-- INFORMATION SUPPLIED --
-- Opening Marker --

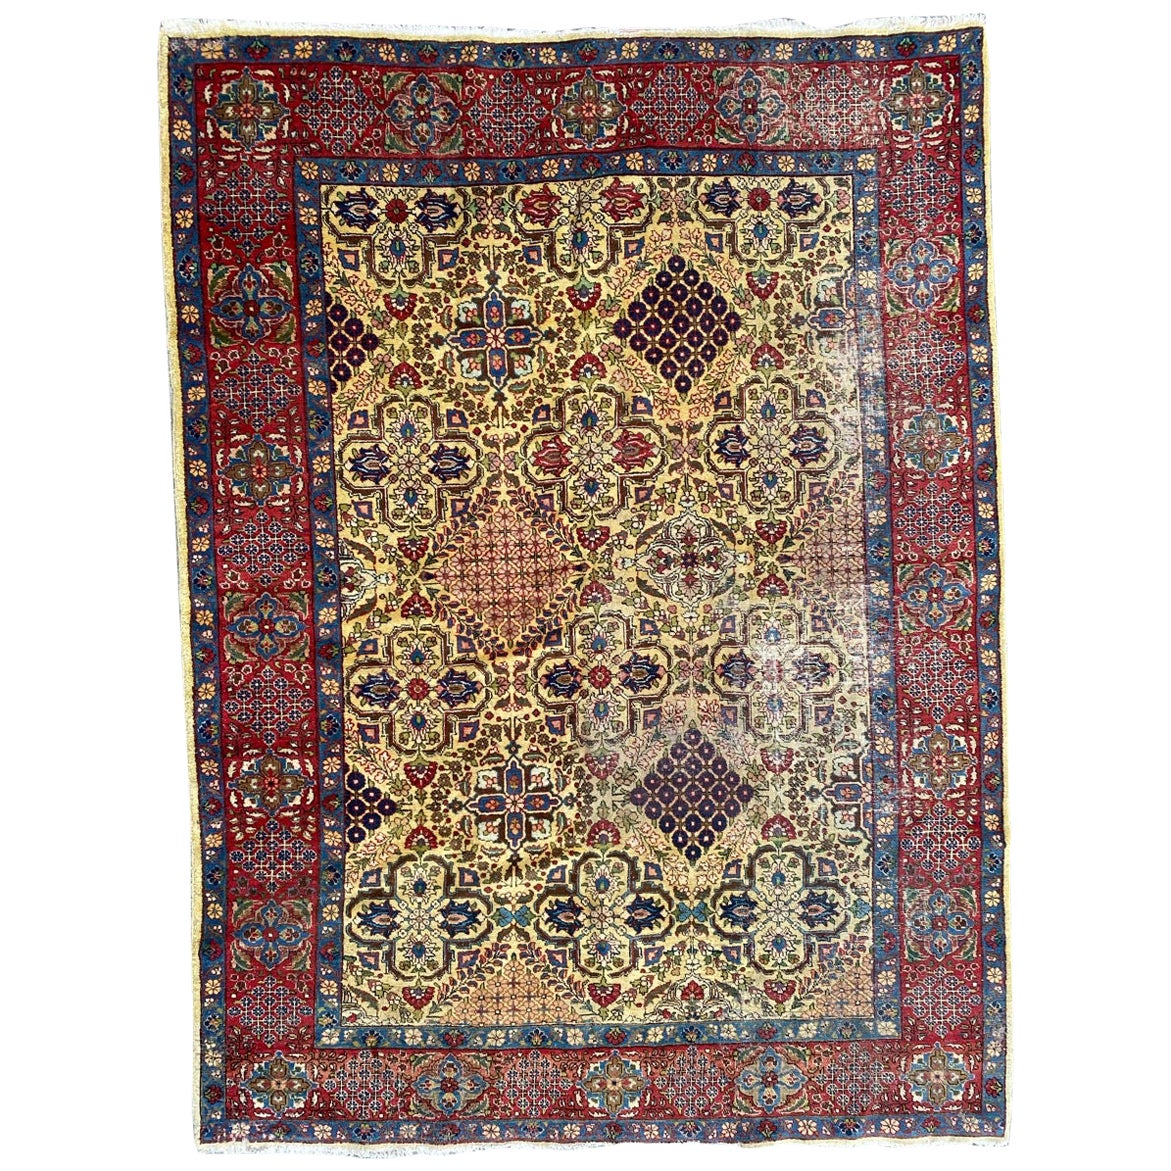 Bobyrug's Nice Antique Tabriz Rug (tapis ancien de Tabriz)
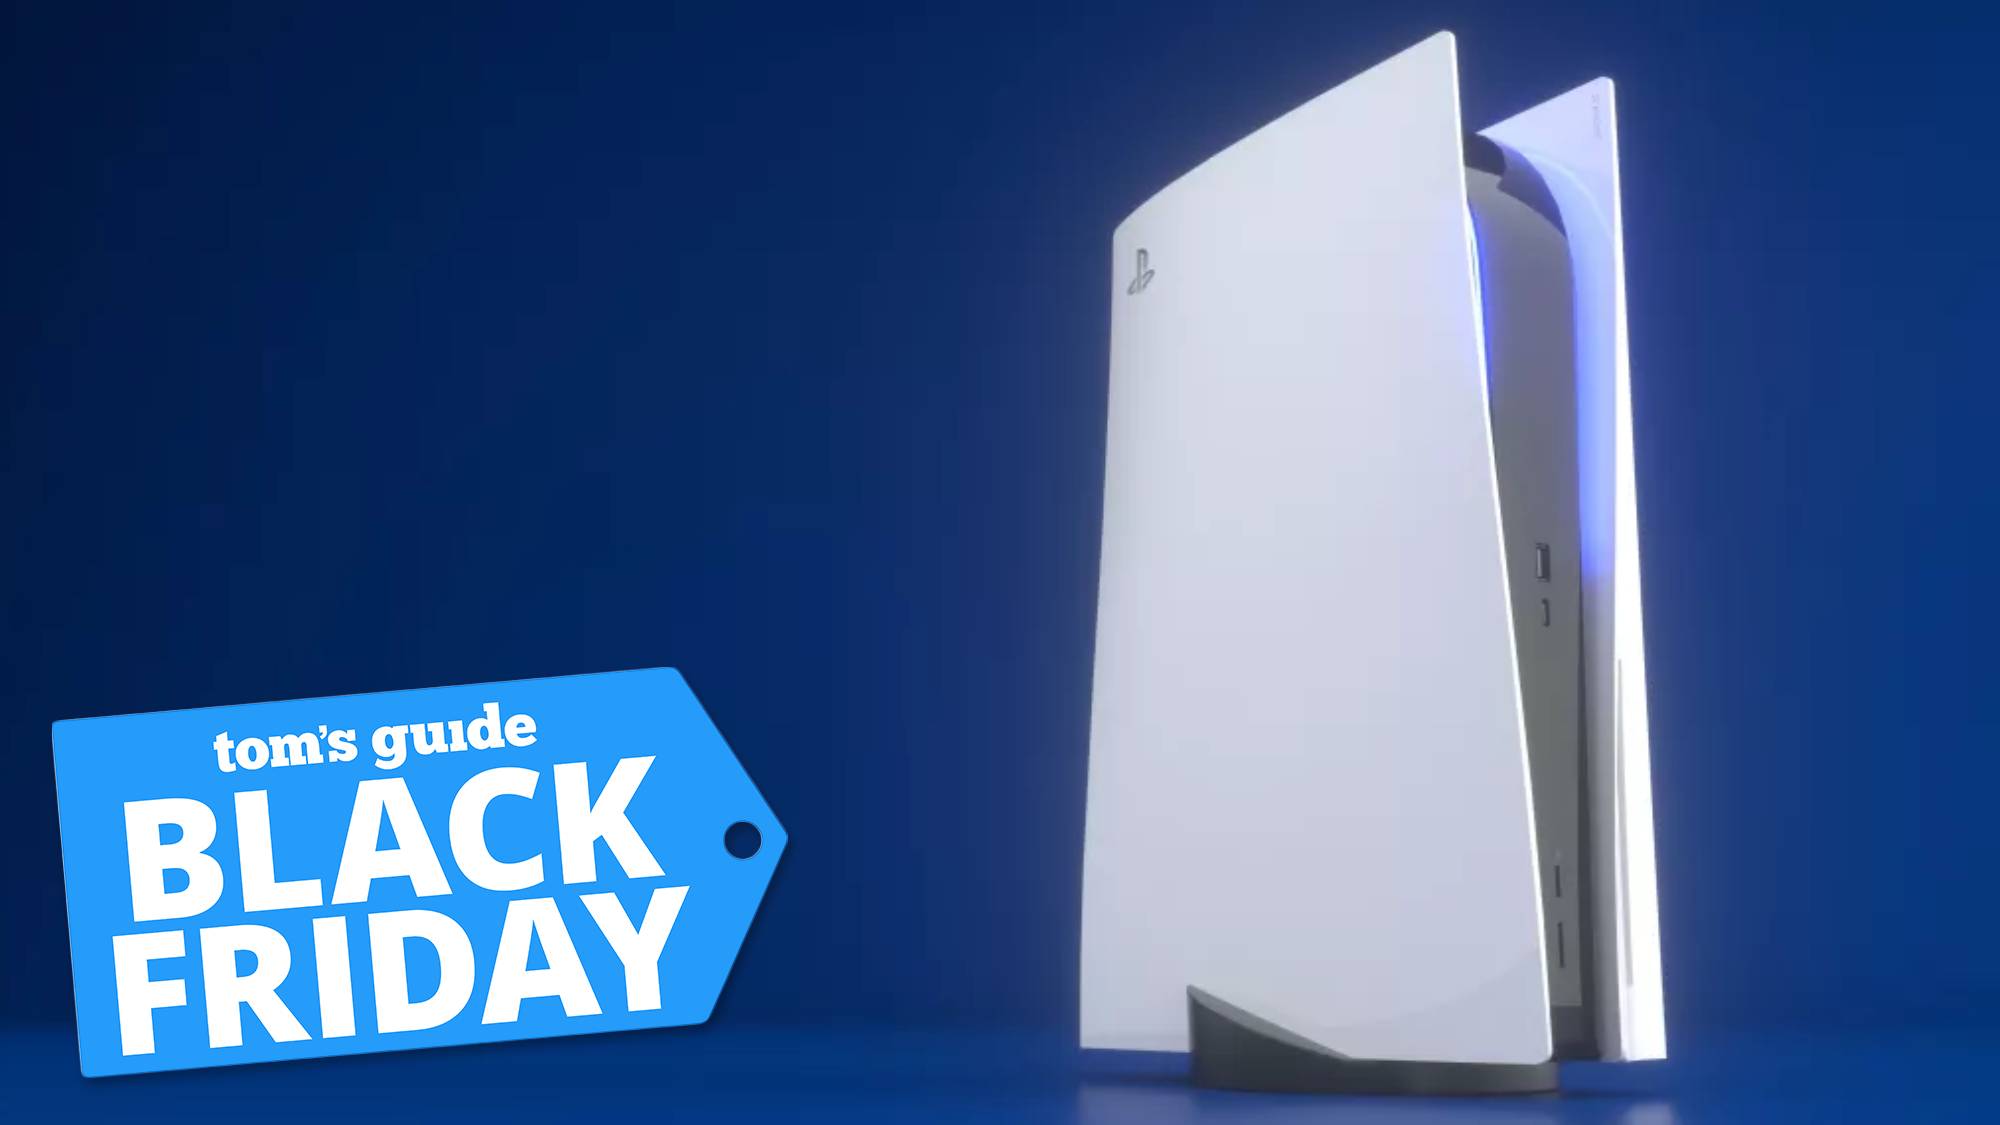 PlayStation 5 Black Friday deals go live today!
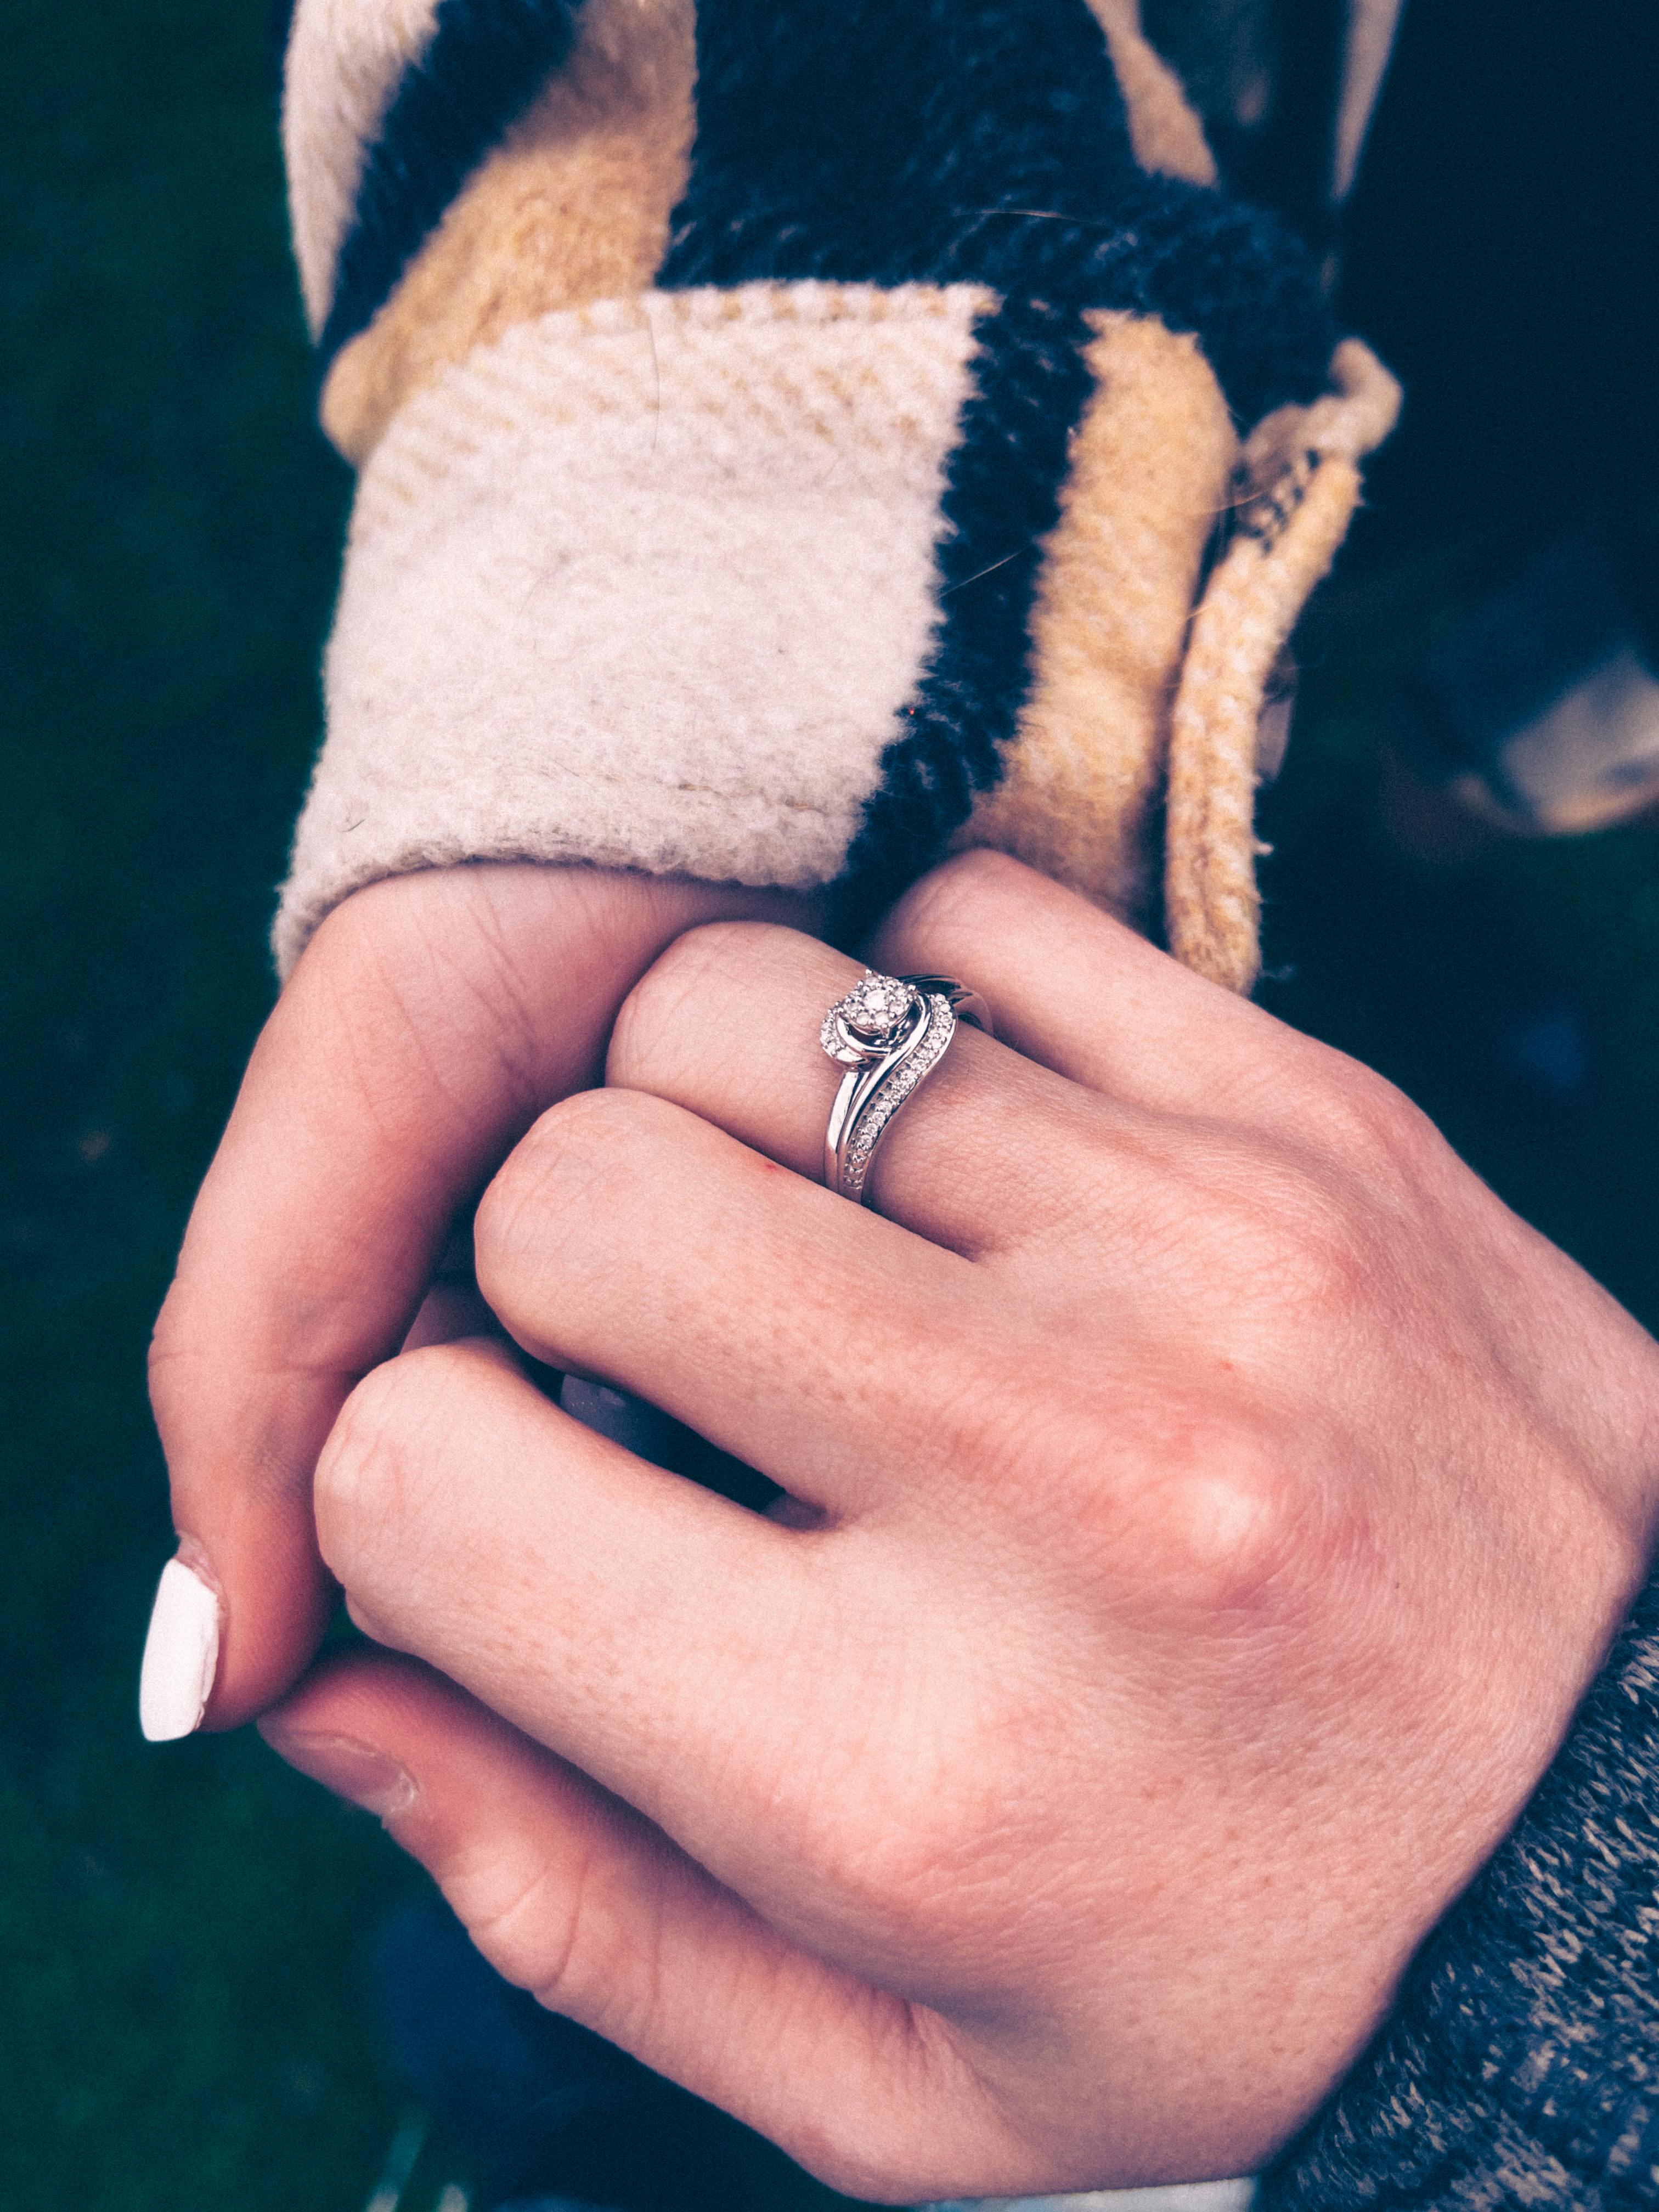 Premium Photo | Women's and men's hands wedding rings

-- Closing Marker --

-- TASK ITEM --
The preceding listing is to be restated word for word, with every picture omitted.

-- REPLY --
 Bobyrug's Nice Antique Tabriz Rug (tapis ancien de Tabriz)
 PlayStation 5 Black Friday deals go live today!
 Premium Photo | Women's and men's hands wedding rings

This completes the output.